Could it be that the financial system is closer to meltdown-phase than anyone realizes?

It should be clear by Brzezinski's comments that Georgia's invasion of South Ossetia was not another incoherent exercise in neocon chest-thumping, but part of a larger strategy to drag Russia into an endless conflict that will sap its resources, decrease its prestige on the global stage, weaken its grip on regional power, strengthen frayed alliances between Europe and America, and divert attention from a larger campaign in the Gulf. It is particularly worrisome that Brzezinski appears to be involved in the planning. Brzezinski, Holbrooke and Albright form the "Imperialist A-Team"; these are not the bungling "Keystone Cops" neocons like Feith and Rumsfeld who trip over themselves getting out of bed in the morning. These are cold-blooded Machiavellian imperialists who know how to work the media and the diplomatic channels to conceal their genocidal operations behind a smokescreen of humanitarian mumbo-jumbo. They know what they are doing and they are good at it. They're not fools. They have aligned themselves with the Obama camp and are preparing for the next big outbreak of global trouble-making. This should serve as a sobering wake-up call for voters who still think Obama represents "Change We Can Believe In".



Richard Holbrooke appeared on Tuesday's Jim Lerher News Hour with resident neocon Margaret Warner. Typical of Warner's "even-handed" approach, both of the interviewees were ultra-conservatives from right-wing think tanks: Richard Holbrooke, from the Council on Foreign Relations and Dmiti Simes from the Nixon Center.

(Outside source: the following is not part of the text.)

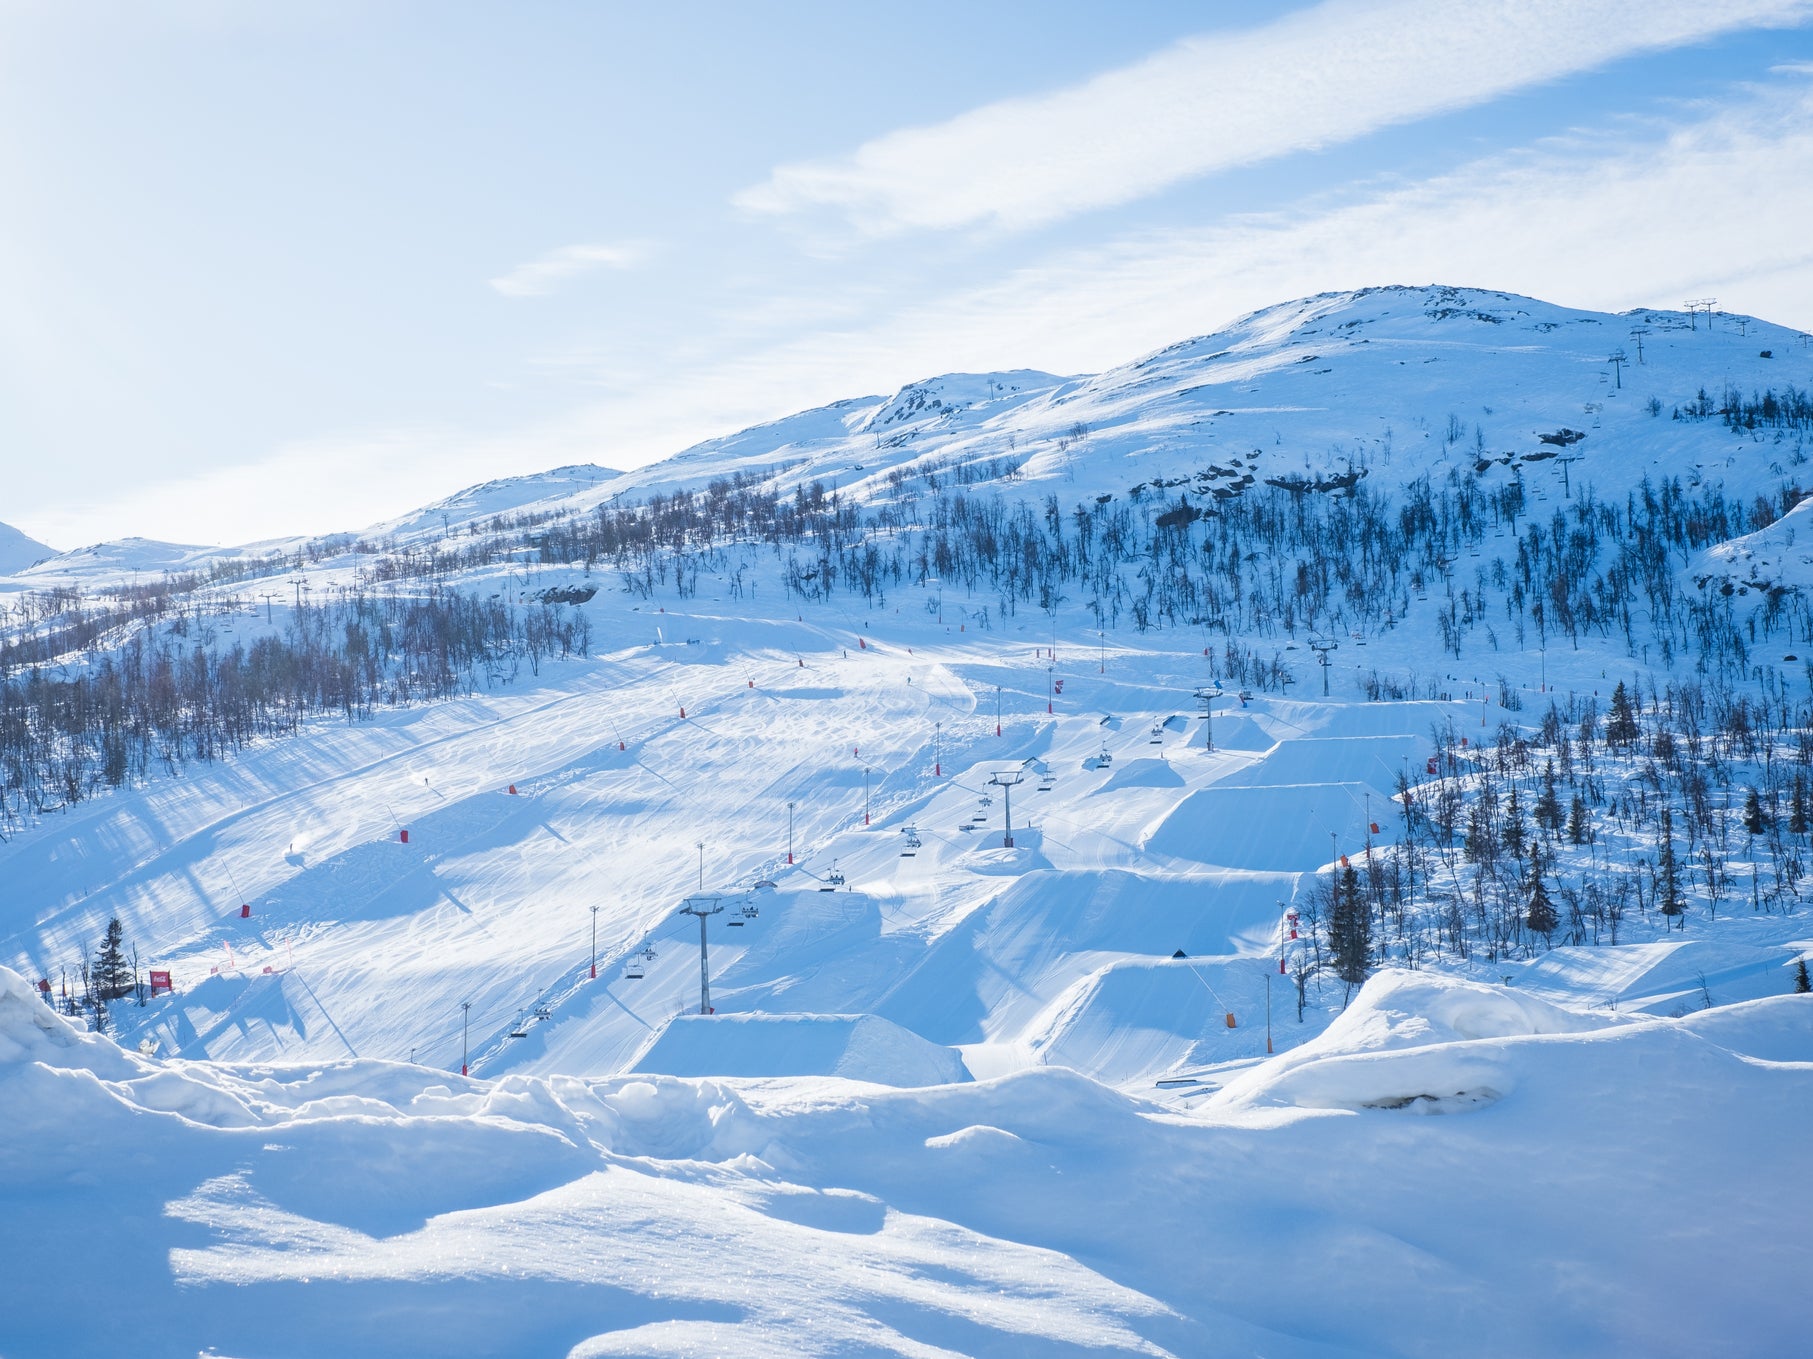 The South Norway ski resort is open right through to May

According to Holbrooke, "The Russians deliberately provoked (the fighting in South Ossetia) and timed it for the Olympics. This is a long-standing Russian effort to get rid of President Saakashvili.

"

Right.

Is that why Putin was so shocked when he heard the news (while he was in Beijing) that he quickly boarded a plane and headed for Moscow? (after shaking his finger angrily at Bush!)

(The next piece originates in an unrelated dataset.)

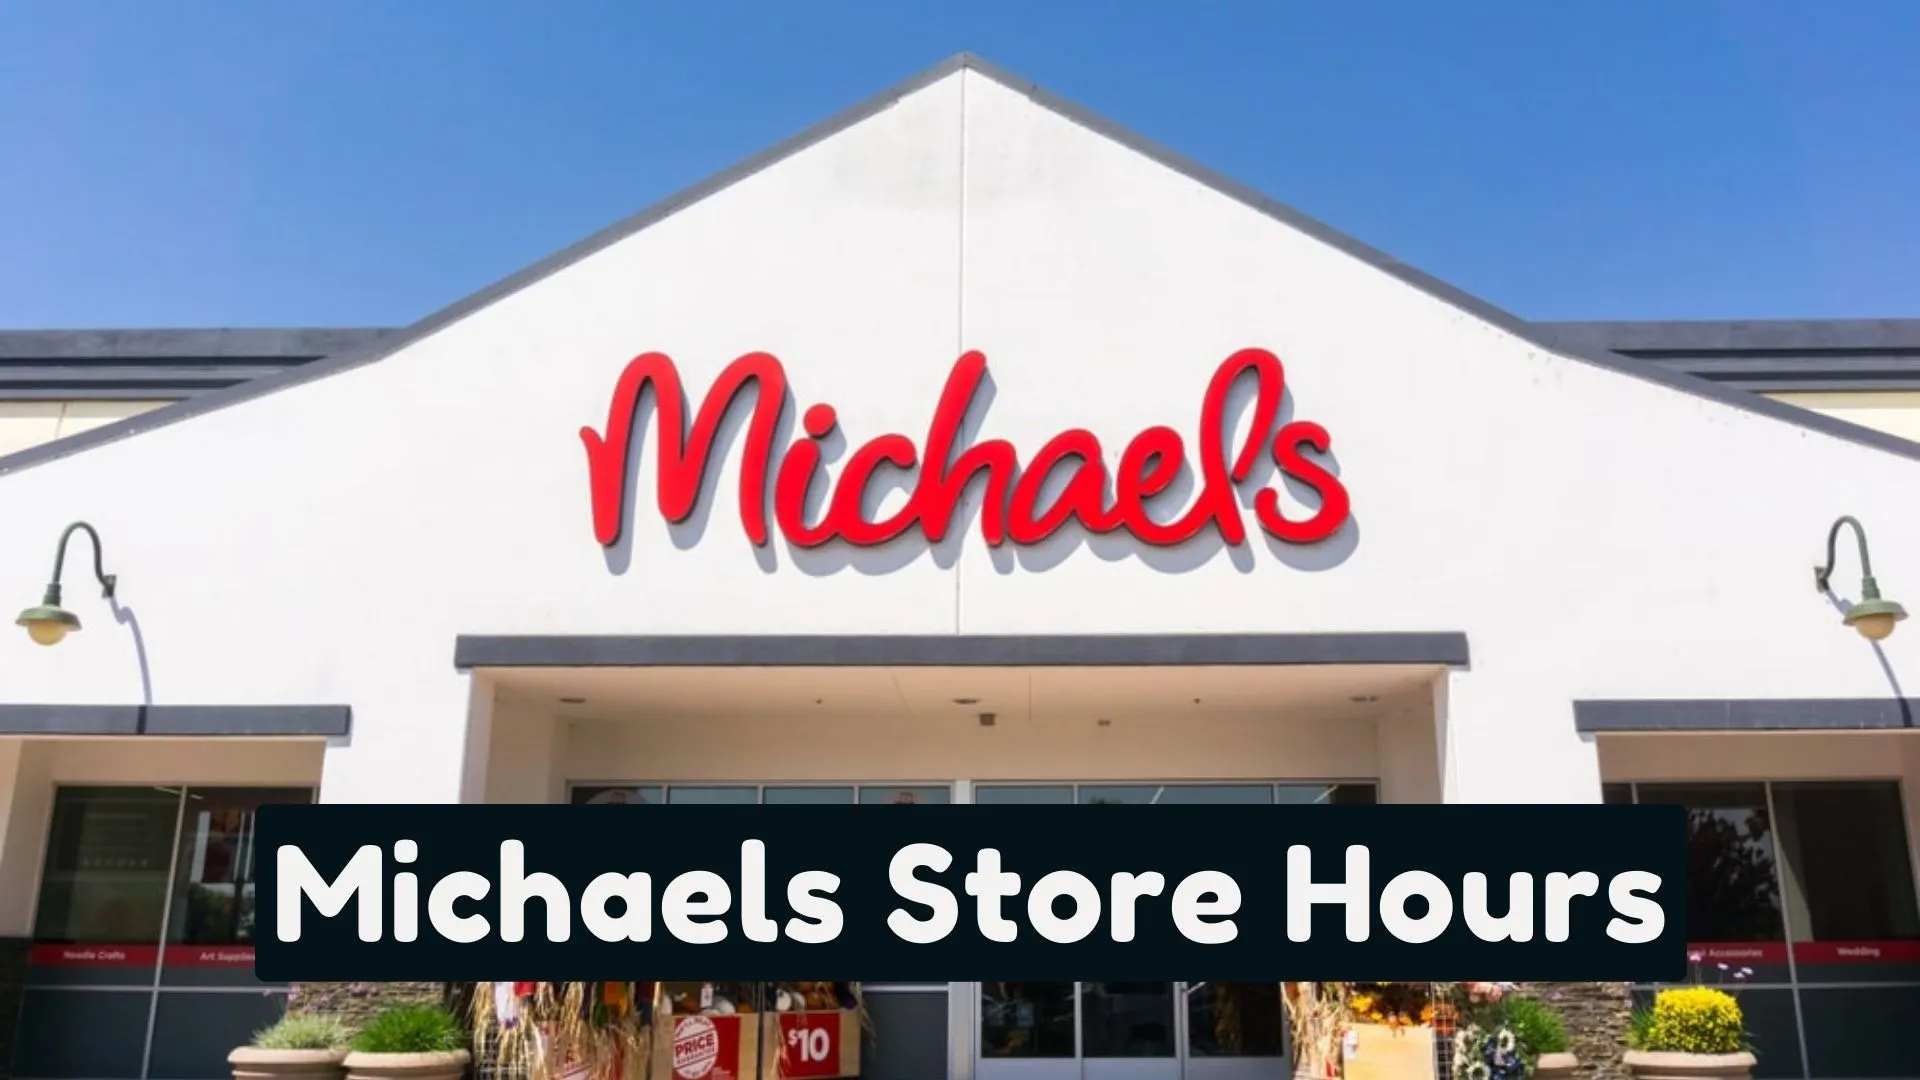 Michaels Hours & Timings [ what time does michaels close-open ] Michaels Store hours

Holbrooke: "And I want to stress, I'm not a warmonger, and I don't want a new Cold War any more than Dimitri does....The Russians wish to re-establish a historic area of hegemony that includes Ukraine. And it is no accident that the other former Soviet republics are watching this and extraordinarily upset, as Putin progresses with an attempt to re-create a kind of a hegemonic space.

"

It is impossible to go over all of Holbrooke's distortions, half-truths and lies in one article but, what is important is to recognize that a false narrative is being constructed to demonize Putin and to justify future hostilities against Russia. Holbrooke's bogus assertions are identical to Brzezinski's, and yet, these same lies are already appearing in the mainstream media. The propaganda "bullet points" have already been determined; "Putin is a menace","Putin wants to rebuild the Soviet empire", "Putin is an autocrat". (Unlike our "freedom loving" allies in Saudi Arabia, Jordan and Egypt!?!) In truth, Putin is simply enjoying Russia's newly acquired energy-wealth and would like to be left alone. But it is impossible to be left alone when the US spends 24 hours a day pestering people. The world deserves a break from an extremely irritating USA.



So why are Brzezinski and his backers in the foreign policy establishment demonizing Putin and threatening Russia with "ostracism, isolation and economic penalties?" What is Putin's crime?

Putin's problems can be traced back to a speech he made in Munich nearly two years ago when he declared unequivocally that he rejected the basic tenets of the Bush Doctrine and US global hegemony. His speech amounted to a Russian Declaration of Independence. That's when western elites, particularly at the Council on Foreign Relations and the American Enterprise Institute put Putin on their "enemies list" along with Ahmadinejad, Chavez, Castro, Morales, Mugabe and anyone else who refuses to take orders from the Washington Mafia.




Here's what Putin said in Munich:

"The unipolar world refers to a world in which there is one master, one sovereign---- one center of authority, one center of force, one center of decision-making. At the end of the day this is pernicious not only for all those within this system, but also for the sovereign itself because it destroys itself from within.… What is even more important is that the model itself is flawed because at its basis there is and can be no moral foundations for modern civilization.

”

“Unilateral and frequently illegitimate actions have not resolved any problems. Moreover, they have caused new human tragedies and created new centers of tension. Judge for yourselves---wars as well as local and regional conflicts have not diminished. More are dying than before.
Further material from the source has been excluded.